The biggest difference I have seen between Noodle and academia is the time it takes to tackle “big” projects. It took me 4 years to publish a paper from my thesis and the results of the paper were that we needed to gather more data and author another paper. While at Noodle, I had a customer for 3-4 months and spent a few weeks operationalizing the code, and then I moved on to other projects like the prediction interval that lasted 1-2 months with extensive testing. If you want to work on new projects in a fast-paced environment, then a move to a tech company might be what you need!
Steps to Take Toward Your Own Data Science Transition
I was able to use my academic projects on my resume and talk about them from a data science viewpoint so that prospective employers could draw parallels to work done at their company.
There are concrete steps that graduate students and postdoctoral scholars can take to prepare for a future in data science:
1. Acknowledge and allow yourself to consider career paths outside of academia!

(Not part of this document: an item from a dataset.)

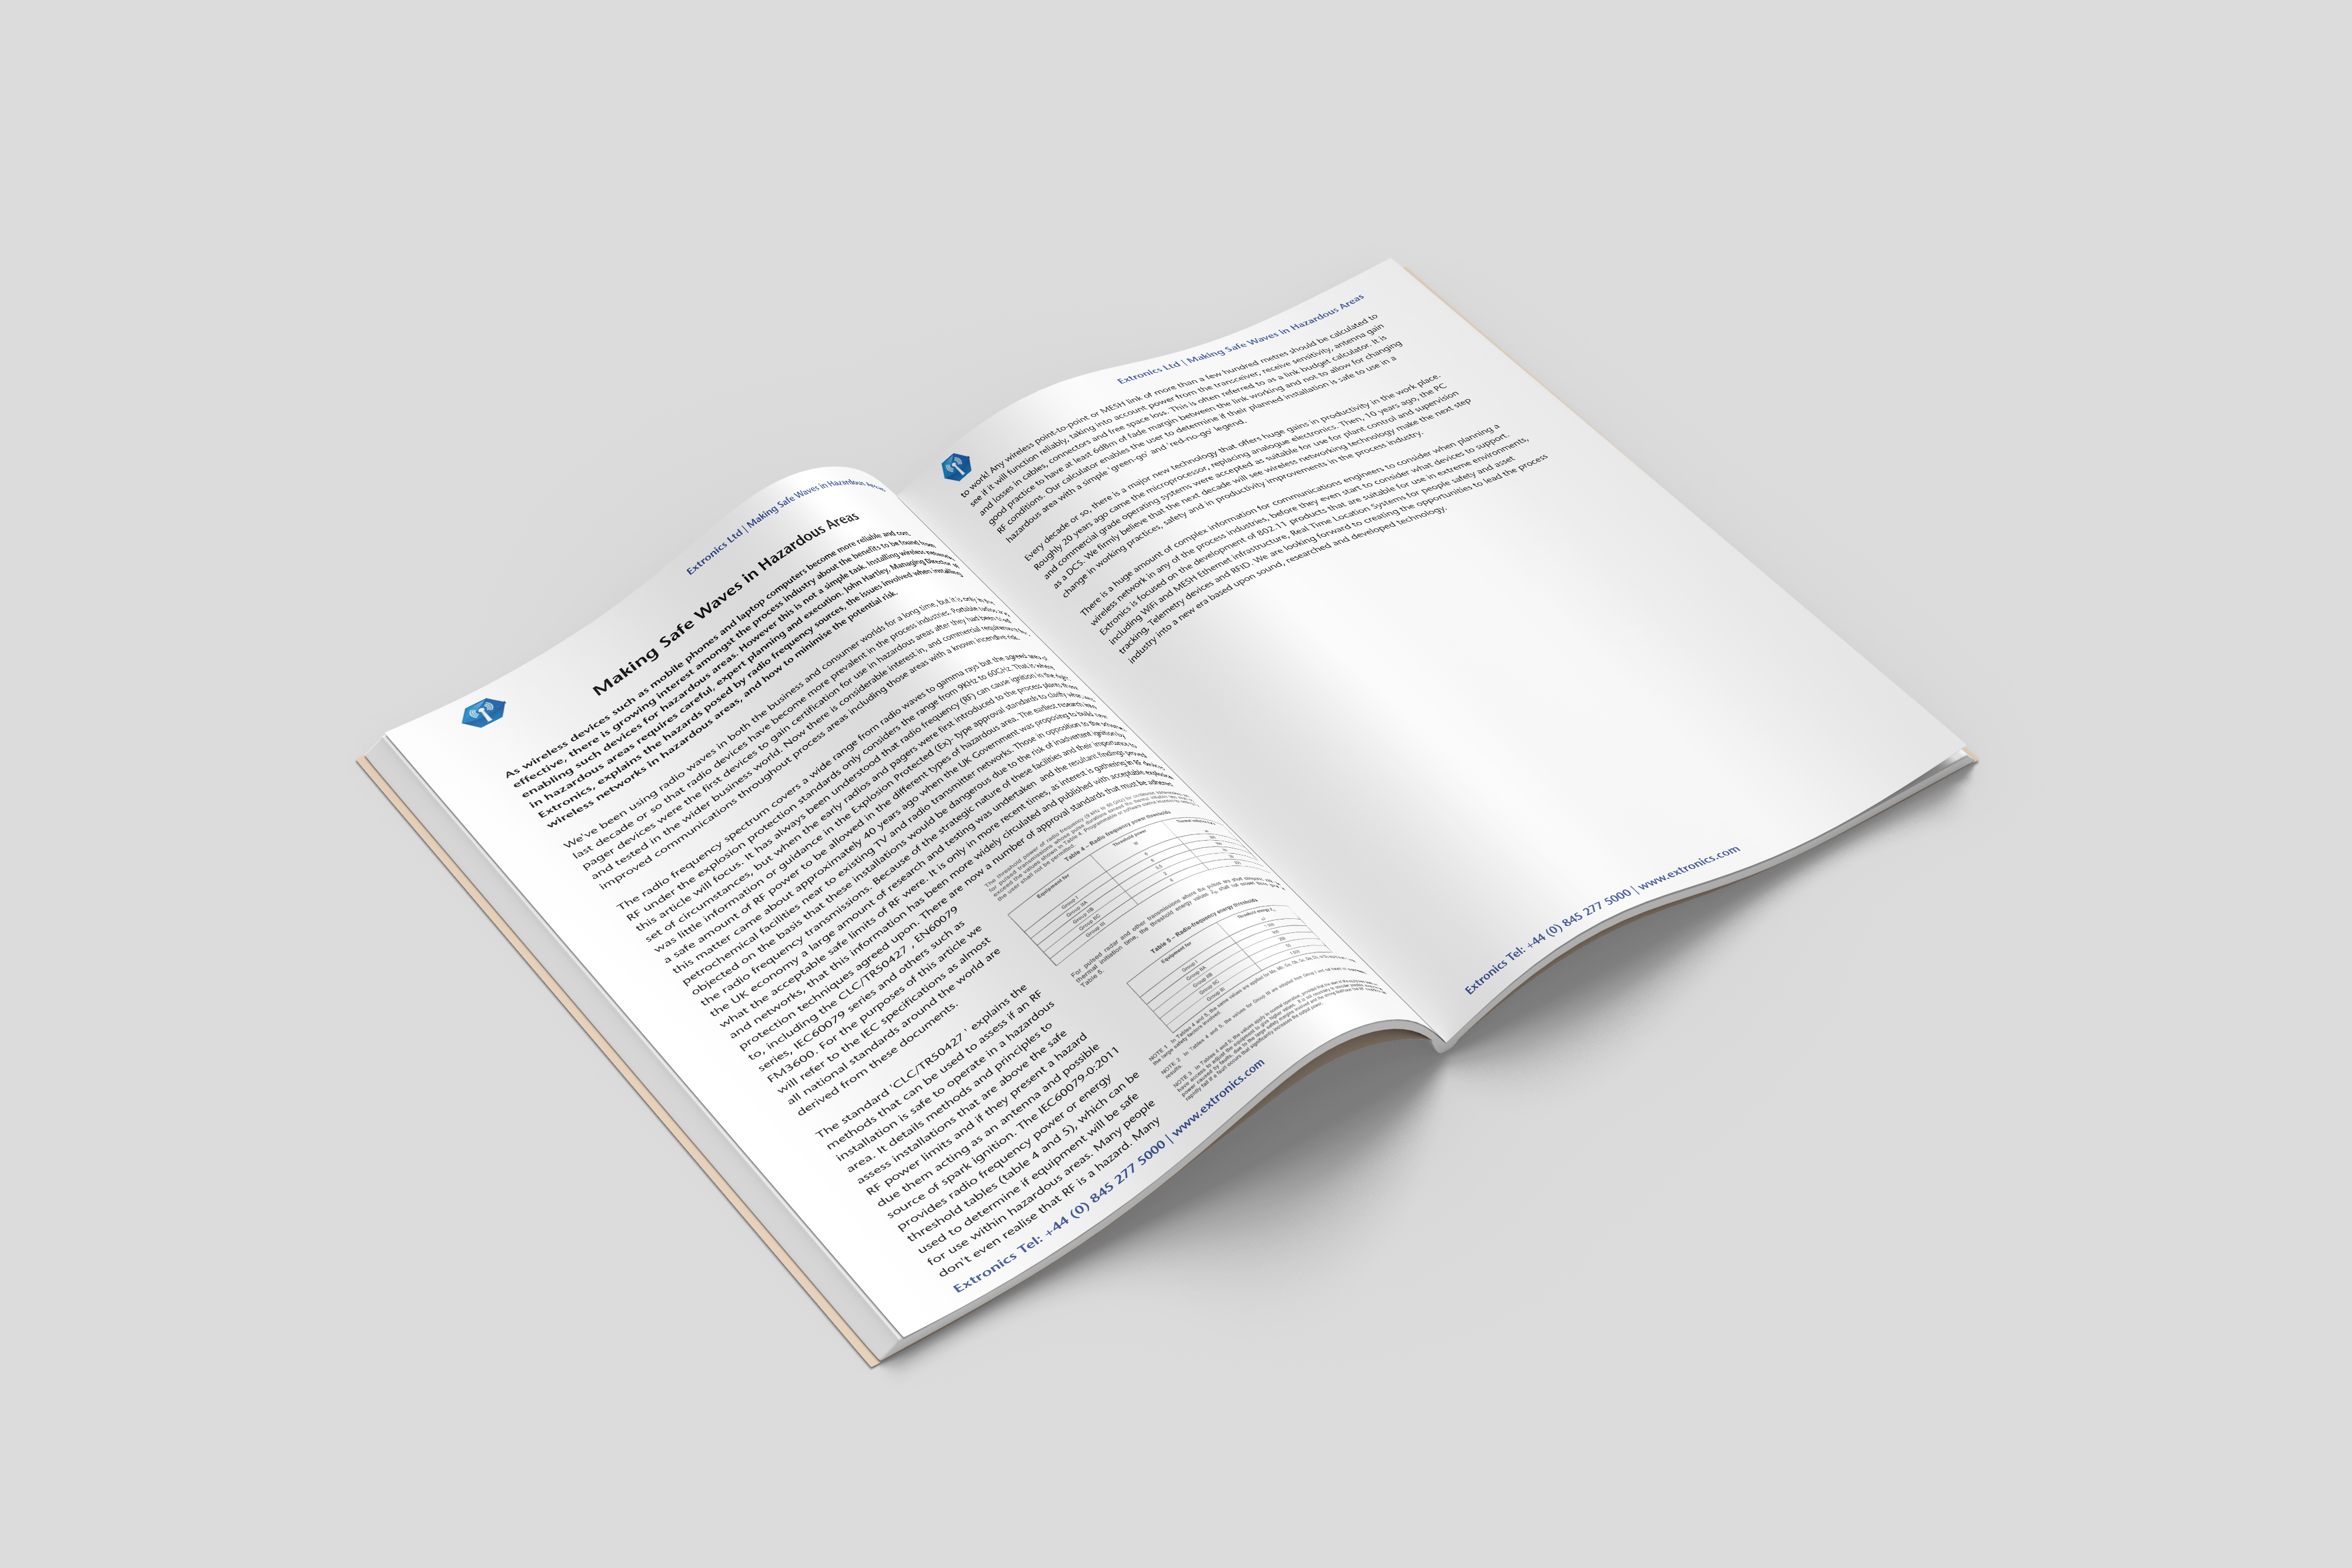 A Wireless White Paper inside pages

- Choosing to leave an academic career does not make me a failure. I decided that a data science job and a company doing good for the world was a better fit for my goals in life. I did not fail to get an academic job; I chose not to.
2. Position yourself to do more AI/ML projects
- Artificial Intelligence/Machine Learning/Data Science have many applications to research science. You can easily pick a problem and try different techniques to solve it.

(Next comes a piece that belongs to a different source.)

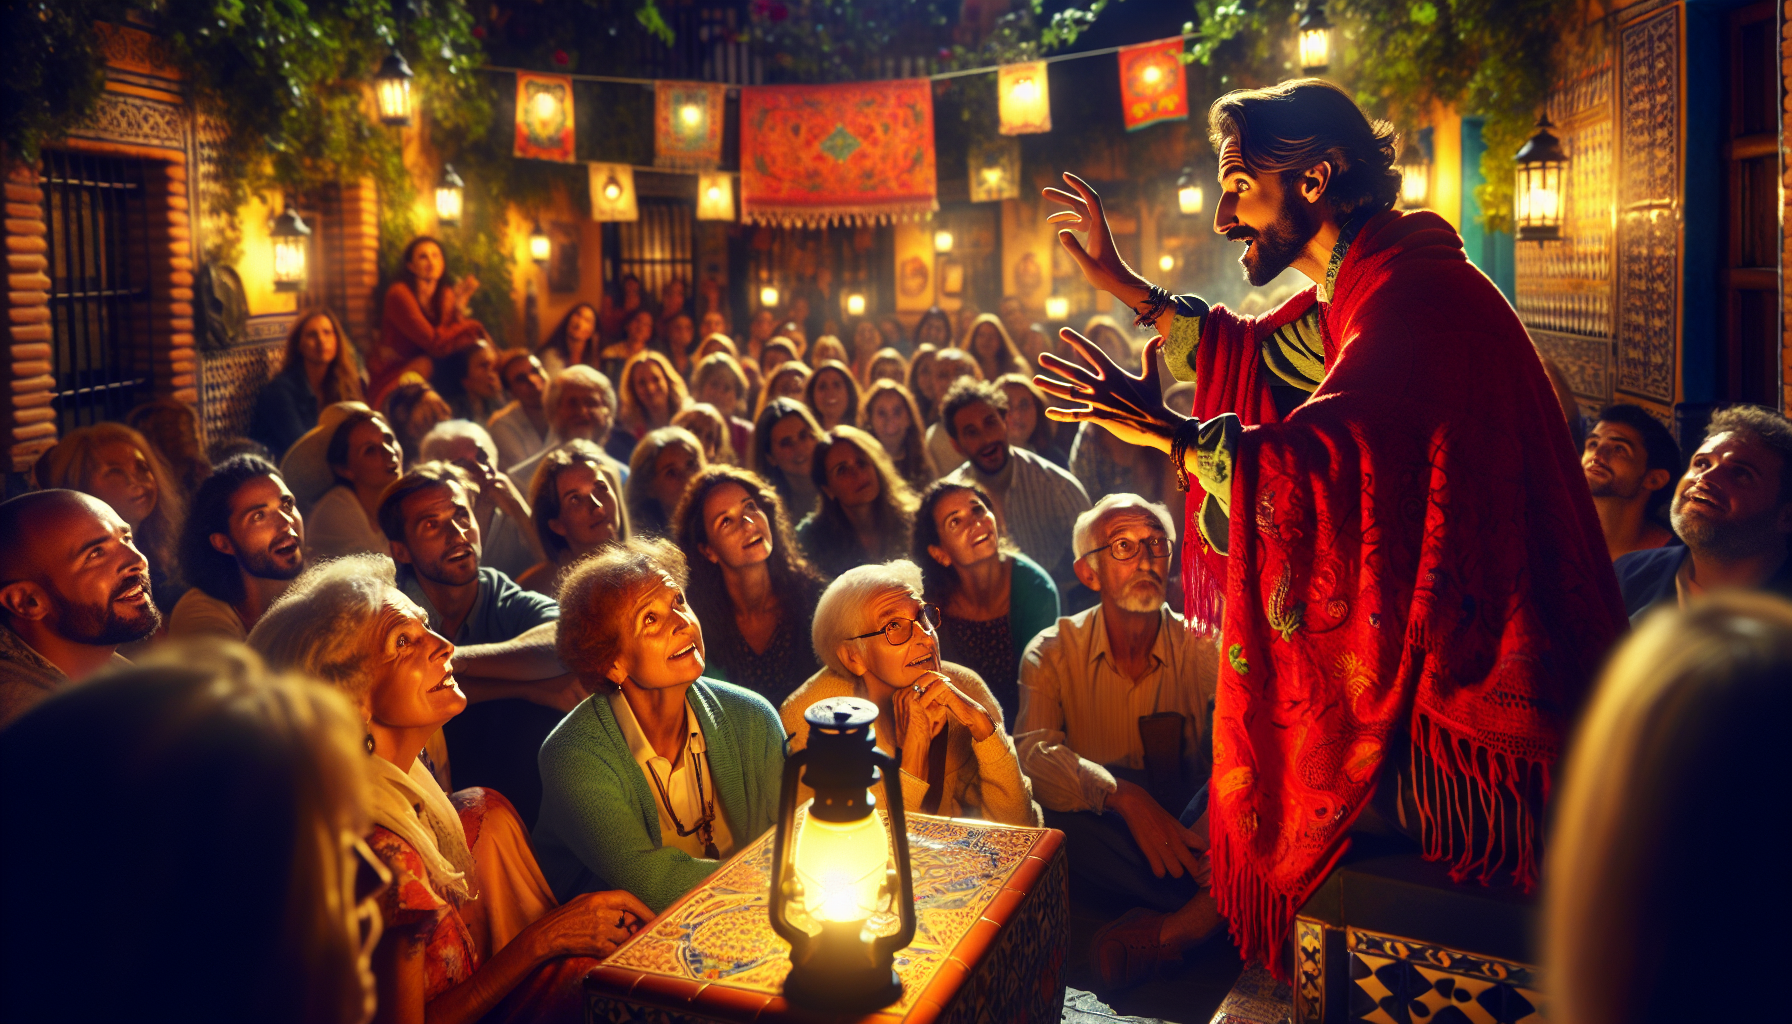 Illustration of a classic Spanish short story being told by a storyteller

3. Learn tools being used in industry
- Take the time to learn the programming tools being implemented in industry such as Python, NumPy, Pandas, scikit-learn, TensorFlow/PyTorch, and Git.
- Learn the jargon used in the tech industry and write your resume using that language so that recruiters and interviewers can connect with your work.
4. Build up a network of colleagues and ask for help!
- Create a LinkedIn profile and add your friends from graduate school and your research colleagues.
- At the winter American Astronomical Society meeting, there is an Astronomers Turned Data Scientists splinter meeting that features previous astronomers and current astronomers considering the switch! Find them and ask for advice!
- Asking for recommendations from people in your network can help get you in for an interview, but you must stand on your own during the long interview process.
I do not regret getting a Ph.D. or either of my postdoctoral appointments. I made these positions work for me and built the skills that would be valuable outside of academia. The work I now do at Noodle AI implements the same techniques, but I can see the results of my hard work almost immediately and know that they have a positive impact on the world.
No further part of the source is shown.